Friday, June 18, 2010

The Mormon Proposition

Just when I though that I had nothing to say I find this on the Yahoo movies homepage.



Obviously this made me a little bit angry. And here are my refutations of the movie without me actually watching it.

1) Mormons were not the only ones pushing proposition 8. In fact, financially speaking Mormons were not the greatest contributors. The Catholics and various other Evangelist Christian organizations also made significant donations.

2) While I do remember letters encouraging donations for Prop 8 there was never, at any time, a requirement for members to do so. I did not donate money or time to Prop 8, and my church membership was never questioned.

3) The LDS church does not hate gays (or any other group with variant sexual orientation). The church DOES believe in a strict code of morality in regards to human sexuality and guess what. . .gay sex is outside of that. It is a sin. But so is adultery, so is sex before marriage. I could go on, but suffice it to say, the Church of Jesus Christ of Latter-Day Saints is against sin, of any kind, and any time the allowance of sin is legislated in state or national laws the Church will be fiercely opposed to it.

4) Even from the trailer for this film, you can tell that the director is blatantly misrepresenting statements by Church leadership. This is the power of film. And it's easy to forget that context matters very much when an individual makes a statement. Also, it's funny how you can take a film image of say, Elder Ballard, and make it a little grainy, slow down the image a little bit, to make the image seem a little bit creepy. In the same case, the people shouting in the streets against gays aren't necessarily Mormons (some of them could be, but I'd wager most aren't). Also, the guy who said that gays are "the greatest danger to America" was a Utah politician, and in no way related to the leadership of the Church.

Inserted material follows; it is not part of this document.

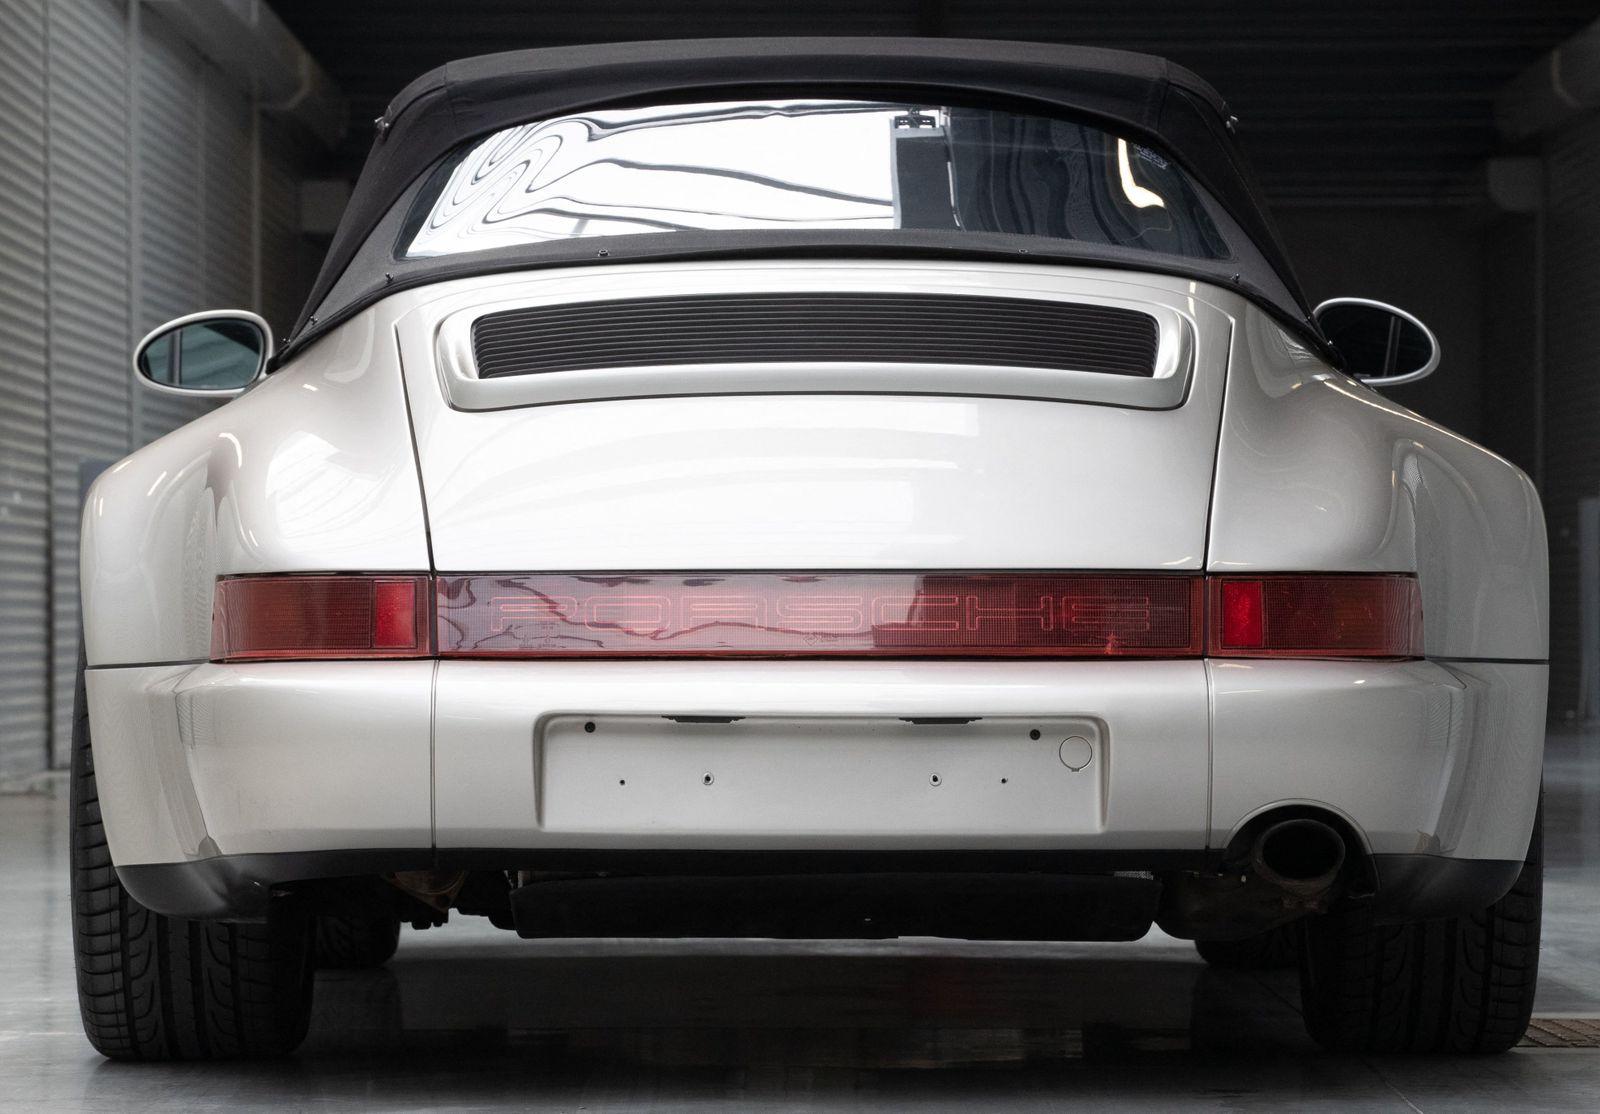 BELGIUM-AUCTION-CAR-MARADONA-PORSCHE

Anyway, I'm just mad. This "documentary" is a stupid attempt to attack the Church.

3 comments:

Analei said...

I don't care if gays are unified under civil laws so that they can have the same governmental benefits as married couples (on taxes for example). But call it something besides marriage. The problem arises when gay marriage is legal, but the LDS church refuses to perform gay marriages inside its temples and then gets sued for doing so. And I completely agree with all your points. Any sexual relationship outside of the marriage of one man and one woman is sin. However, it is not sin to be gay.

1-4-Freedom said...

I DO care if "gays are unified under civil law" or are in any way acknowleged as legitimate by kind of gov't agency, entity, or individual. The "gay marriage" movement is nothing more than an attempt by gay adherents to take away the "sin" of being gay. Neither man nor gov't can alter God's laws, and God's laws clearly define being "gay" as an "abomination" (Lev 20:13; 18:22; Rom 1:24-27; etc.). And, I disagree. "BEING" gay is a sin. Having homosexual tendencies or same sex temptation is not a sin. But, unless I misunderstand the concept, being "gay" is succumbing to such tendencies and temptation, in other words, the doing of it. It is in the doing that it is sin. I think it was Pres Hinckley that said having such temptation was not sin. But even that concept is troubling to me. How else can you explain Christ's teaching in Matt 5:28? Isn't having lust for a woman that is not your wife temptation? It is not the doing of it. And yet Christ clearly indicates such temptation is sin, doesn't He?

Analei said...

I really appreciated the talk by Jeffrey R. Holland called "Helping Those Who Struggle With Same-Gender Attraction" in the October Ensign of 2007. In it he states, "same-gender attraction is not a sin, but acting on those feelings is—just as it would be with heterosexual feelings." I am not going to debate the definition of being gay. To me it means a person is attracted to a member of the same gender. Having them unified under civil law would not change the fact that having a sexual relationship with a member of the same gender is a sin. Just as you said, government cannot change the laws of God. I would also say that lusting after someone is a lot different than being attracted to them. If lust and attraction are the same, then even a man attracted to a woman is sinning, so the entire process of finding a spouse is a sin, which I don't believe. I think it is eternally natural and right for men and women to be attracted to each other. I don't know why men are sometimes attracted to men and women to women. But it is not a sin until they actually commit sexual acts because then they are breaking the law of chastity which says that sexual relationships are only ok when performed between one man and one woman that are married to each other. All the scriptures you mentioned are referring to the actual sexual act, not the same-gender attraction. There are many righteous members of the church that hold temple recommends but struggle with same-gender attraction. I pray every day that no one in my family will have this trial because it is so horrific. I highly respect those people that have the strength to deny their feelings, follow the laws of the gospel, and have families all while being attracted to the same gender.